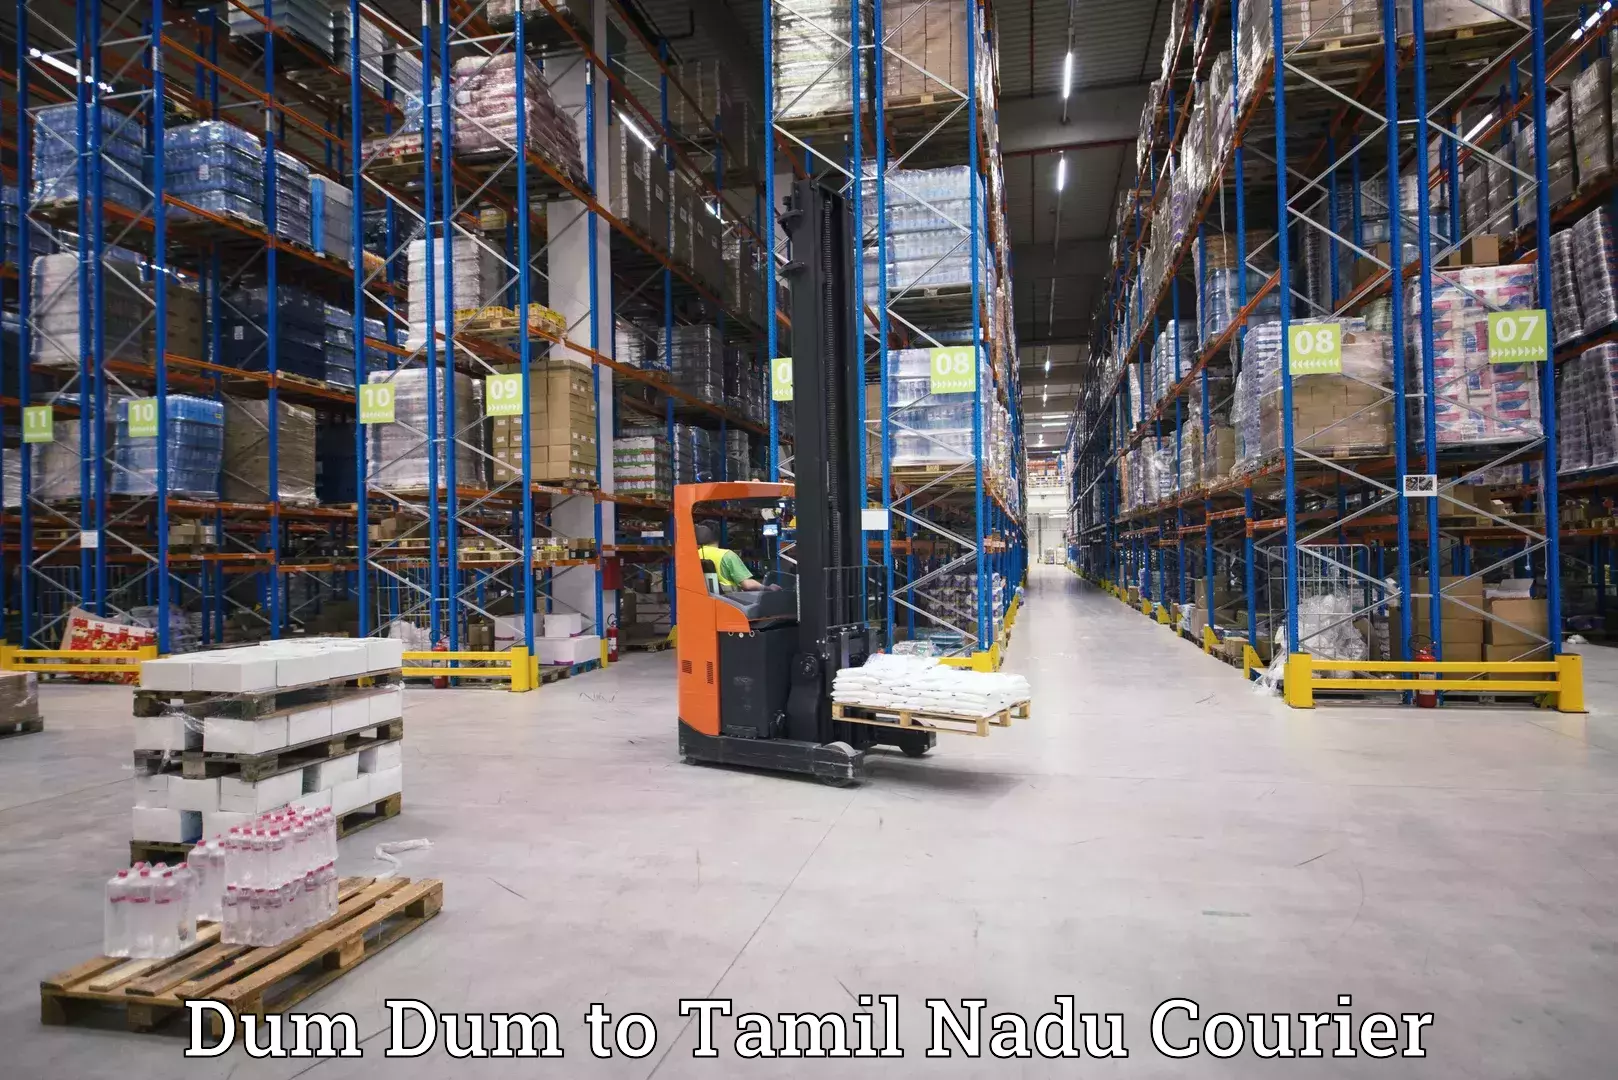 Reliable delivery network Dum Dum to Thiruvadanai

* * *

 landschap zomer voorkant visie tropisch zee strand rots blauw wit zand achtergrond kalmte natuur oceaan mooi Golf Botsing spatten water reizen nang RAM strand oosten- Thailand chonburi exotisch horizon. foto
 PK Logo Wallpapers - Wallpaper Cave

---

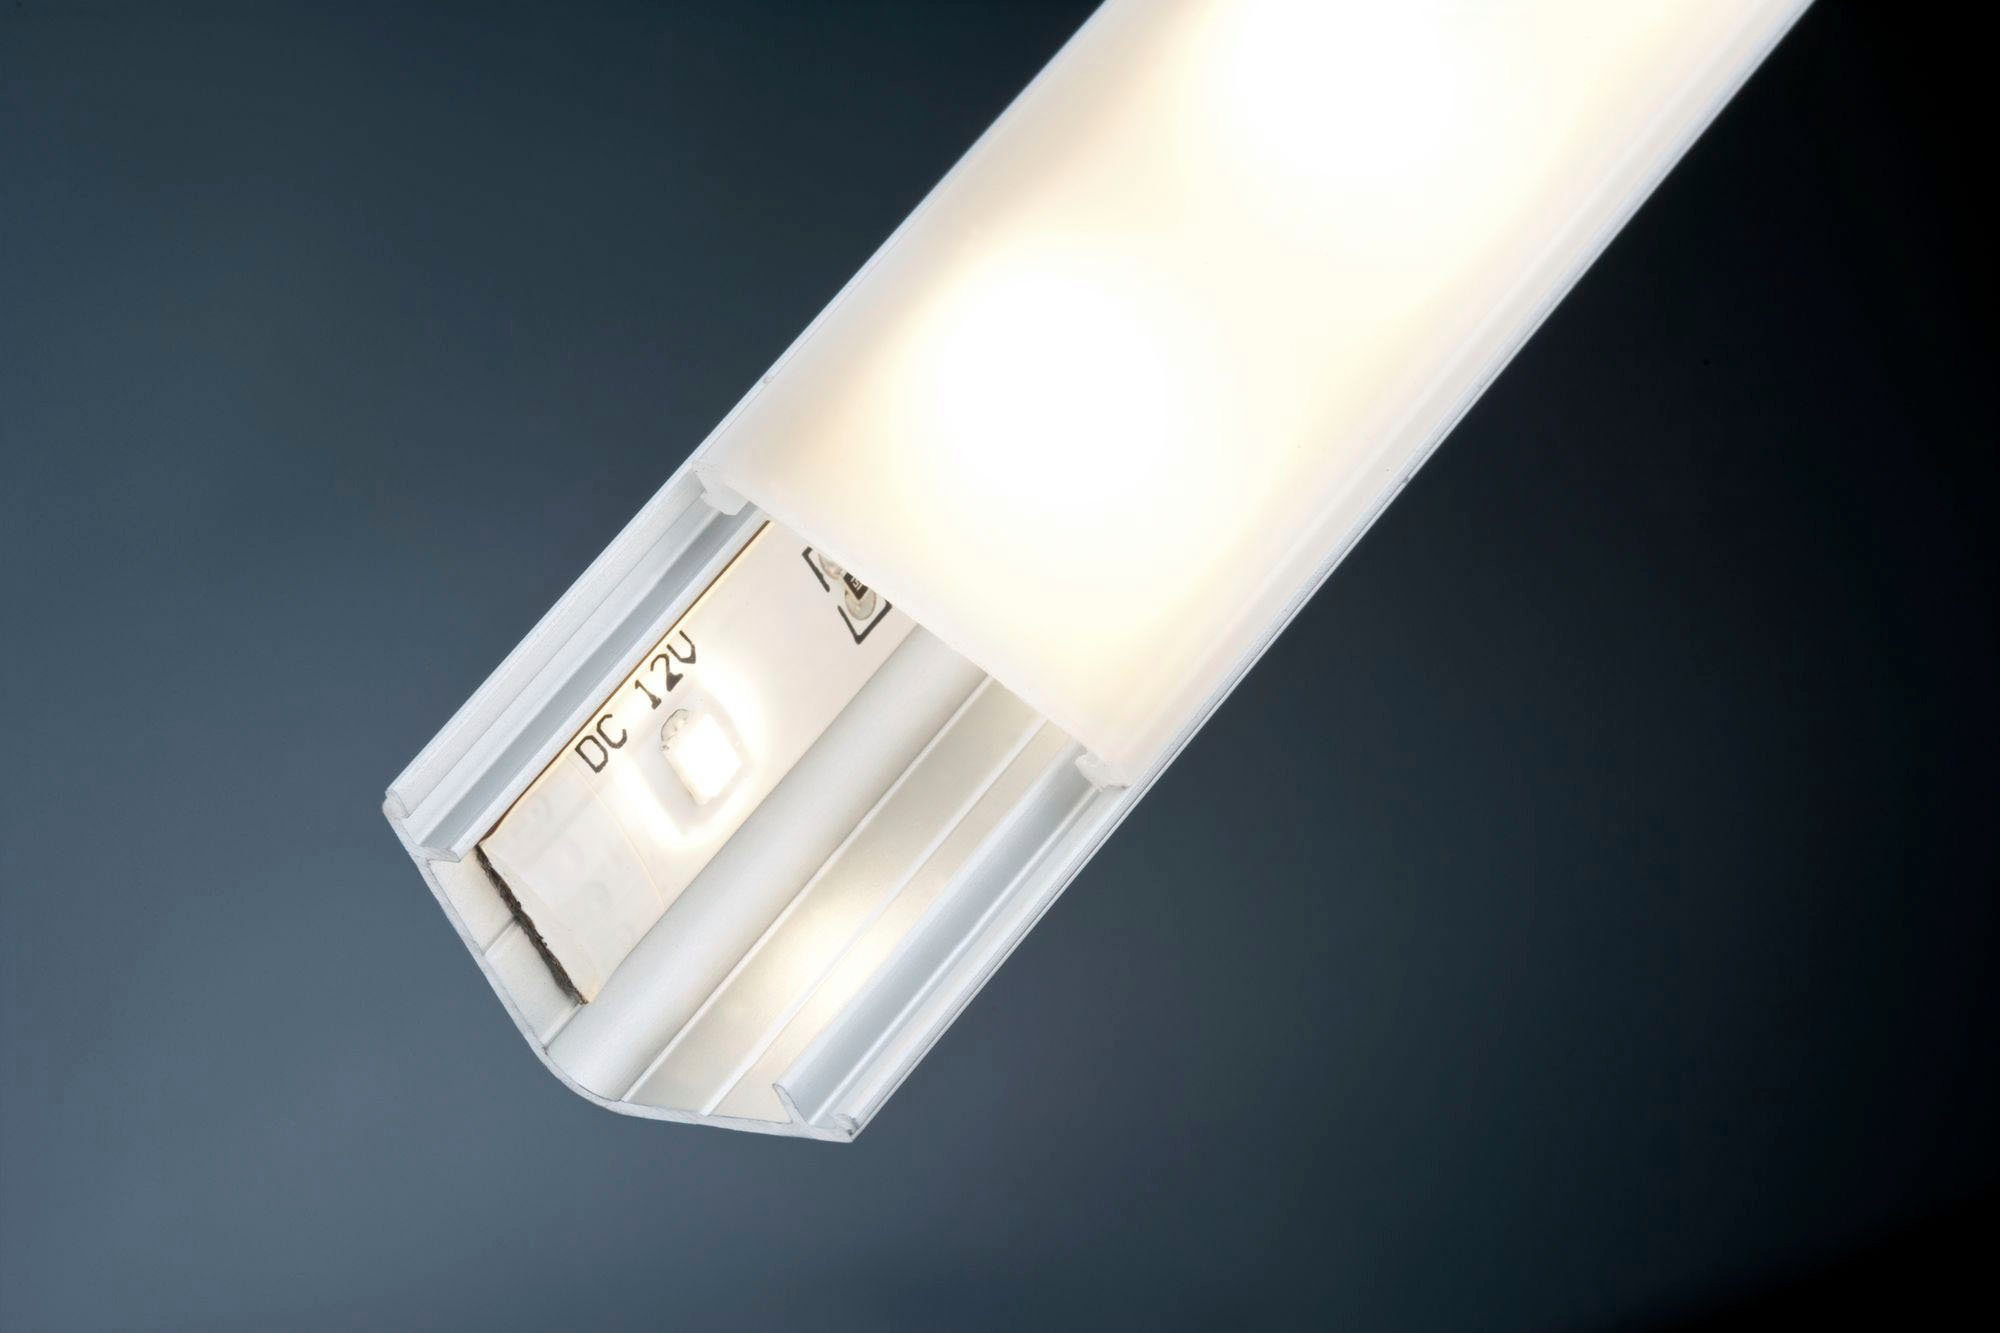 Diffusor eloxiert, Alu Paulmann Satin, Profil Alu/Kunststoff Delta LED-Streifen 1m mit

*DIRECTIONS FOR THIS TASK*. From the listing above, the lines starting with the one that has "landschap zomer voorkant" and running through the one that has "PK Logo Wallpapers - Wallpaper Cave" should be copied exactly, ends included.

*YOUR RESPONSE*.
 landschap zomer voorkant visie tropisch zee strand rots blauw wit zand achtergrond kalmte natuur oceaan mooi Golf Botsing spatten water reizen nang RAM strand oosten- Thailand chonburi exotisch horizon. foto
 PK Logo Wallpapers - Wallpaper Cave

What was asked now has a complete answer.